В 1912 г. Бунин заметил о манере письма «Войны и мира»: «Вы вспомните, как  у него все просто, сильно и глубоко. А  ведь он не боялся  мелочей,  которые могли  бы  показаться  оскорбительными.  Наташа вбегает в избу к раненому князю  Андрею. Слышен чей-то храп... И вот чудится это гениальное «пити-пити», и все разрастается в целую симфонию человеческой

любви и страдания. А ведь этот  «храп»  за стеной нисколько  не помешал. Да, надо быть  широким  и  смелым  в  творчестве». У  самого  Бунина все гораздо сдержаннее. «Симфонии чувств» не встретить:  его герои,  может  быть, и  не способны на такое «оркестровое» богатство эмоций. Да и сам он экономен в  их передаче. Между тем «широта и смелость» наследуются писателем, даже в чем-то возрастая.

Бунин  идет  дальше  в  соединении  высокого  и  низкого,  духовного  и физического. Он затрагивает те области взаимоотношений между людьми, которые целомудренно обходила литература XIX в. Во многом это объясняется стремлением Бунина донести до читателей  суровый  быт,  уклад крестьянской жизни.  Но  в большей степени  здесь сказался интерес писателя  к  выявлению истоков  и  характера  человеческих  переживаний.  Писатель  не  замалчивает печальных фактов  явно  аморального свойства.  И одновременно  убеждает в их трагической предопределенности и привычности для деревенского населения.

Коллизия,   которая  потрясает   в  «Воскресении» Толстого  болью   за

поруганную красоту и любовь Катюши Масловой, предстает в предельно сниженной форме  в  рассказе  Бунина  «Игнат».  Любка, услада  барчуков,  с  юных  лет развращена  ими. Автор не скупится  на антиэстетические детали в рассказе  о ней, чтобы  углубить  представление  об  этой  девице, откровенно  торгующей собой.  Катюшу  Маслову  несправедливо обвинили  в убийстве богатого клиента публичного дома. Любка,  стараясь  скрыть  свое  распутное поведение, сама вкладывает топор в руки мужа. Главным же героем  рассказа является молодой  пастух Игнат. Отношения с Любкой  (он сначала как будто влюблен в нее,  затем, женившись, ненавидит) и позволяют  понять суть произведения. Объективно, без единой  ноты открытого сочувствия поведана  на  редкость драматичная  история  гибели Игната. Замкнутый, одинокий,  он  ищет  радости  любви.  Бунин  считает естественным влечение молодого мужчины к женской красоте.  Но  постоянно  видя похотливое  поведение барчуков, «спокойное бесстыдство» Любки, Игнат быстро теряет взволнованную мечту о счастье и подчиняется низменным ощущениям.

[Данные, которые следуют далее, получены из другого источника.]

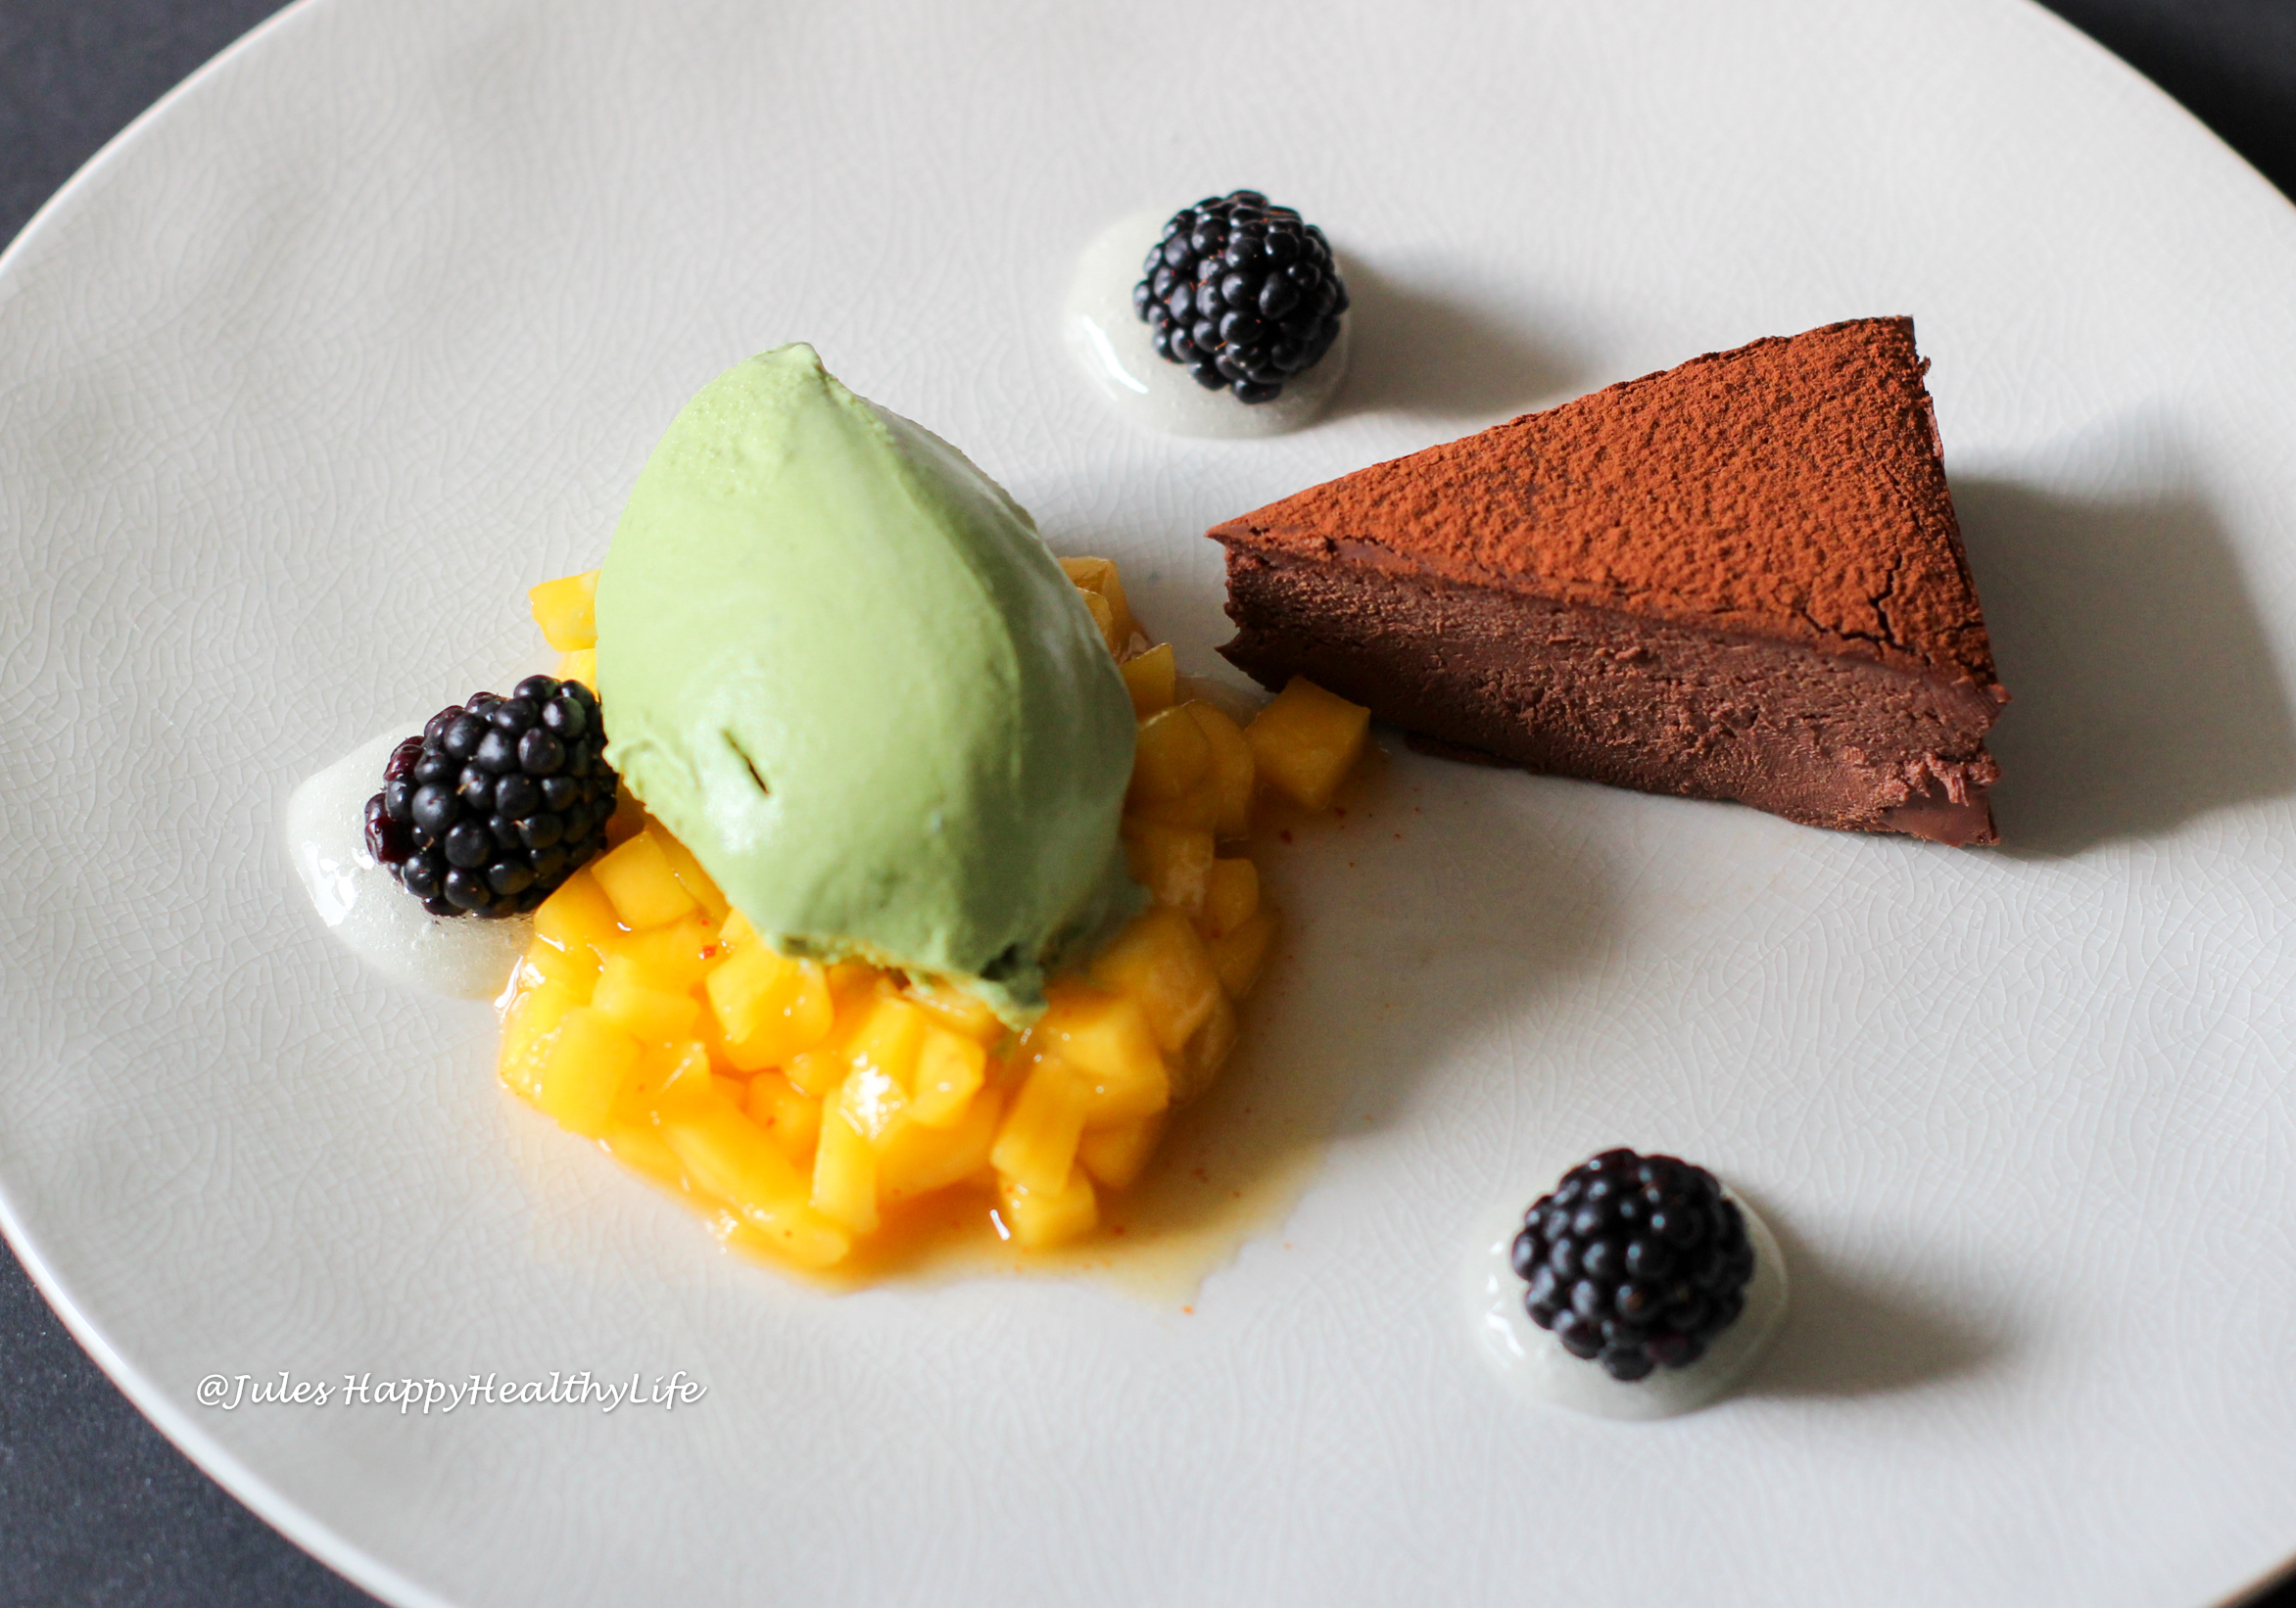 Impress guests with this Matcha Ice Cream with Chocolate Ganache Tarte and Mango Chili Chutney and Lemon Gel

Этот перелом в юной душе болезненно воспринимается автором. Не случайно в  рассказе  появляются  мрачные  эпизоды.  «Рядом  с  красавицей  Стрелкой, черноглазой  борзой  в атласной  белой  шерсти,  шел большой  рыжий  кобель, дворовый, и,  яростно  скаля  зубы,  рыча, захлебываясь, не подпускал  к ней никого из борзых. Томимый вожделением, Игнат двинулся за собаками  - смотреть на их  совокупление».  Страшнее и  проще нельзя  сказать  о  смерти человеческого в  человеке.  Немудрено,  что  животные  инстинкты  побеждают.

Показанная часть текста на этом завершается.